Wednesday, August 02, 2006

I was only home for three days before my body purged itself of the entire trip. I threw up Antigua, San Pedro, Monte Ricco, Guatemala City. I threw up frijoles, maize, mango, huevos. I threw up the chicken bus, the mercado, the slum. I threw up Astrid, Margarita, Erick, Eddy, Juan Carlos, Irma, Pablo, Lupita. I threw up the damp rainy season, the swirl of clouds above a volcano, the entire Spanish language. When I was empty of everything possible, I stood over the clean white toilet and shook and cried and spat.

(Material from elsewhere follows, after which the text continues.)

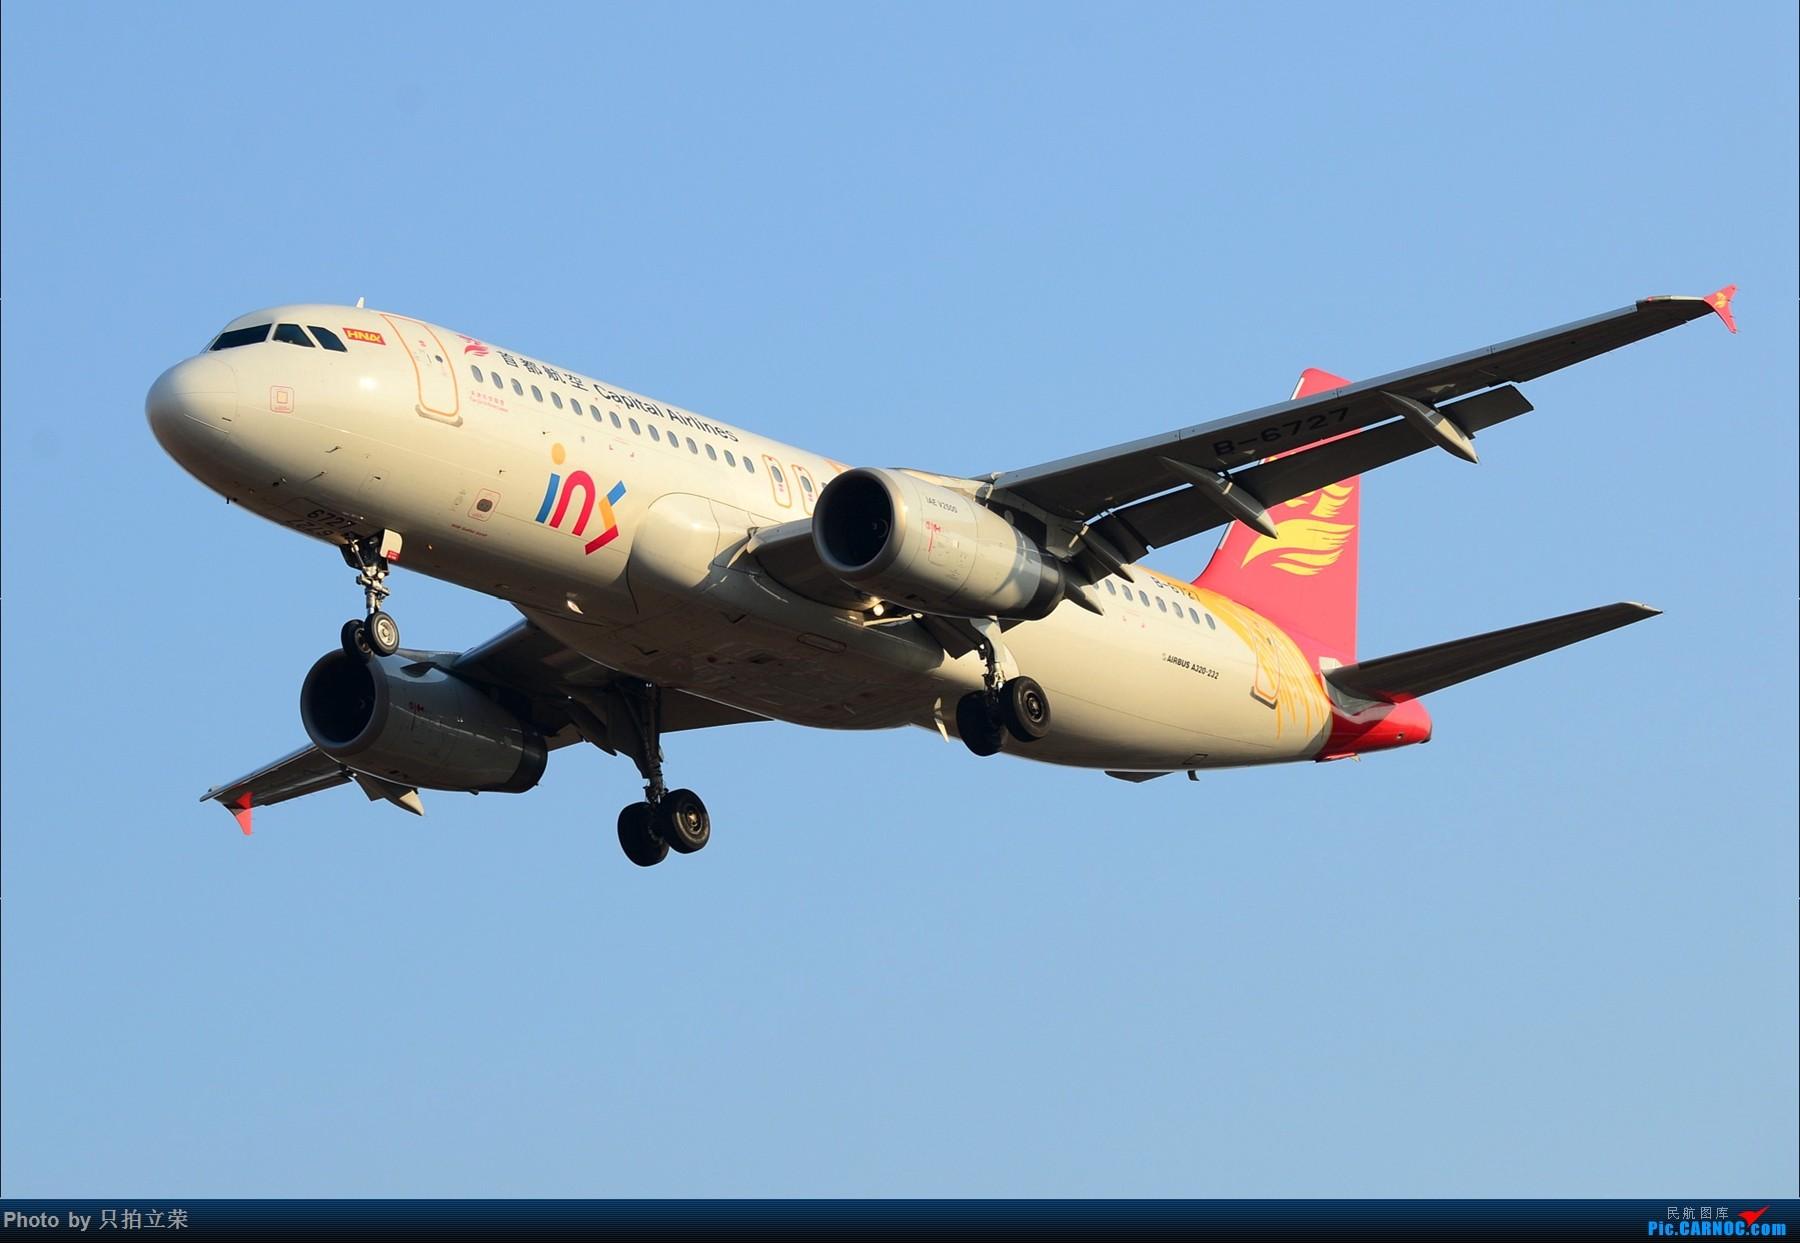 Re:[原创]湖南飞友会-难得好天气巴铁伊尔-78再访长沙! AIRBUS A320-200 B-6727 中国长沙黄花国际机场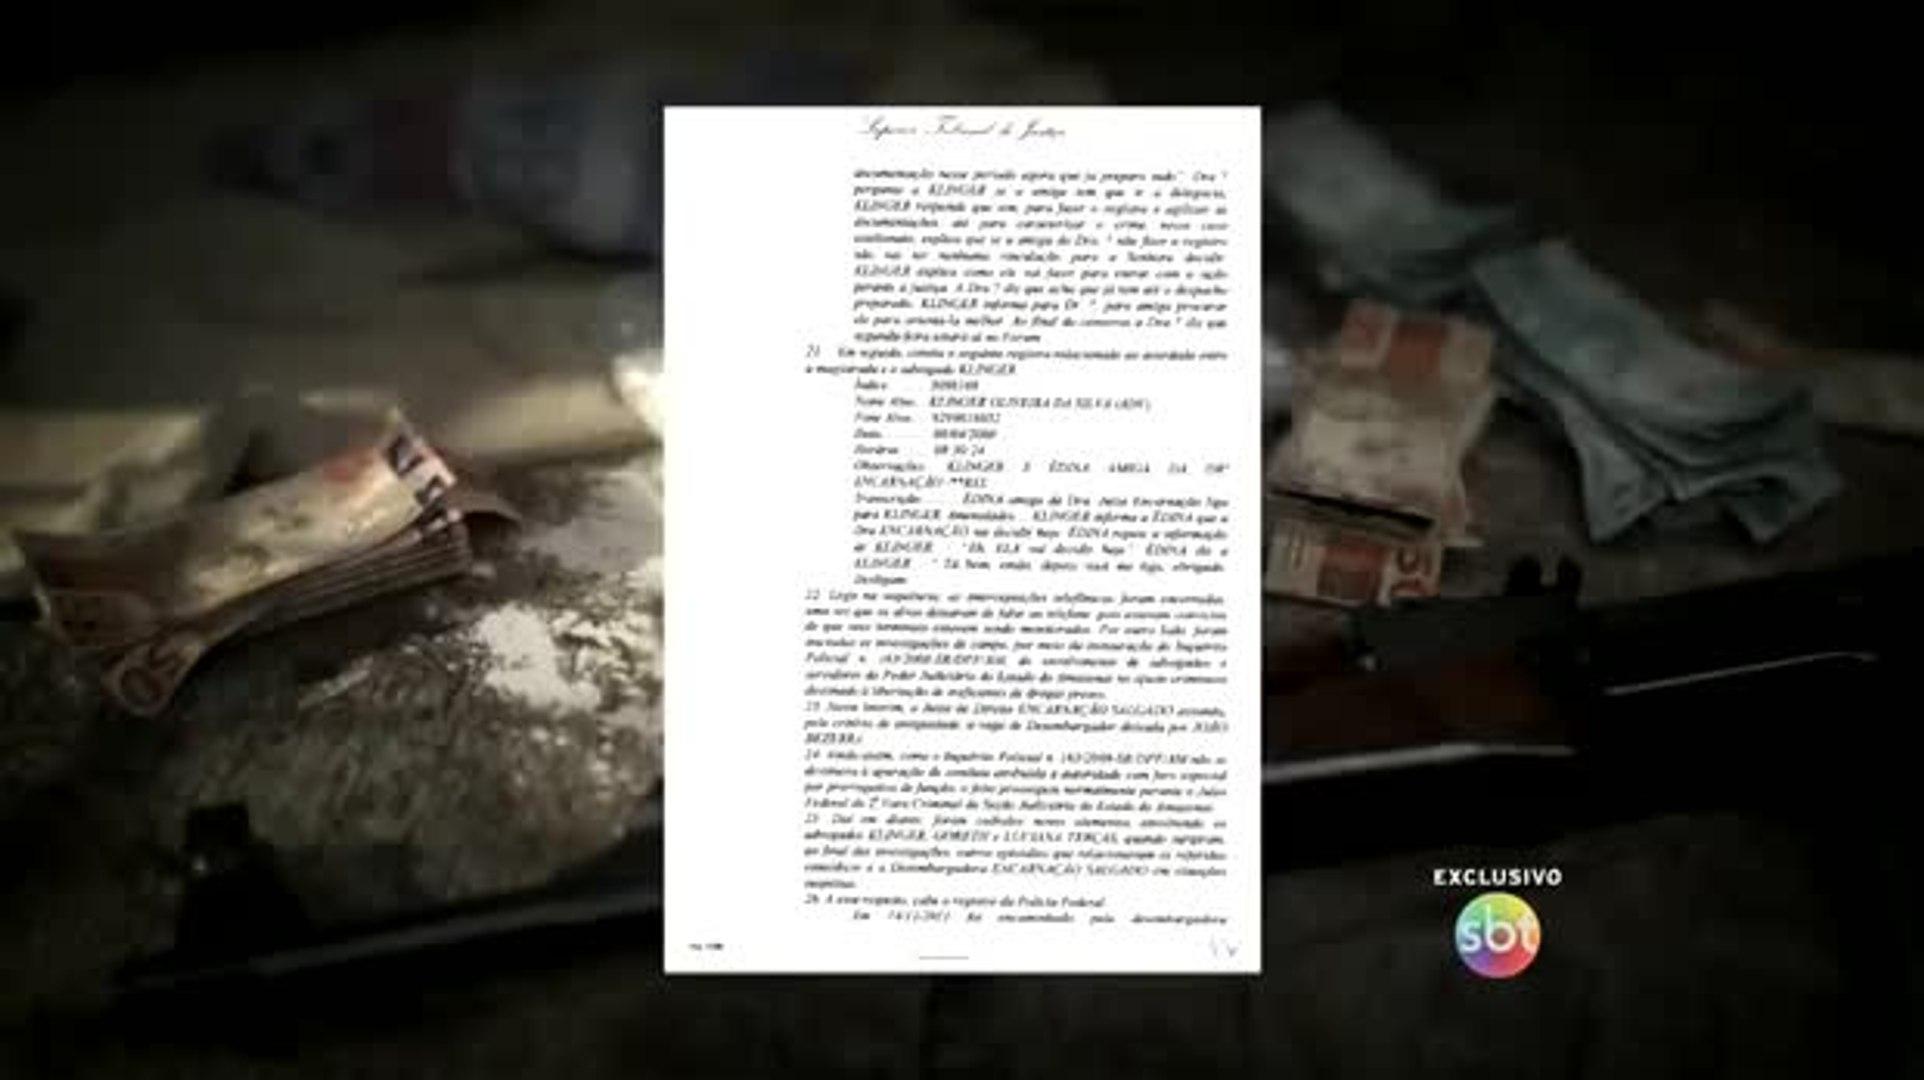 Venda de decisões judiciais para traficantes acontece há 10 anos no Amazonas

When the needle goes into your arm to probe what is wrong, it is Manuel de Jesus who is entering your veins. You watch this slim, shining thing become a part of you, but you know that in the end you will be left with a red-purple bruise on the soft flesh of your inner elbow. In the end you will have only lost your own blood, and you will have lost him as well. You will have lost everything but the questions: Is he dealing himself a hand of cards at this moment in time? Is he being beaten in the rotting alleyways of the slums? Has he eaten today?

At home, the carpet still feels strange on my feet. I take a dose of Phenergan and try to sleep away all of the problems. Maybe when I wake up I won't remember anymore. My body is empty, in one sense, yet so full that I cannot understand how to live anymore.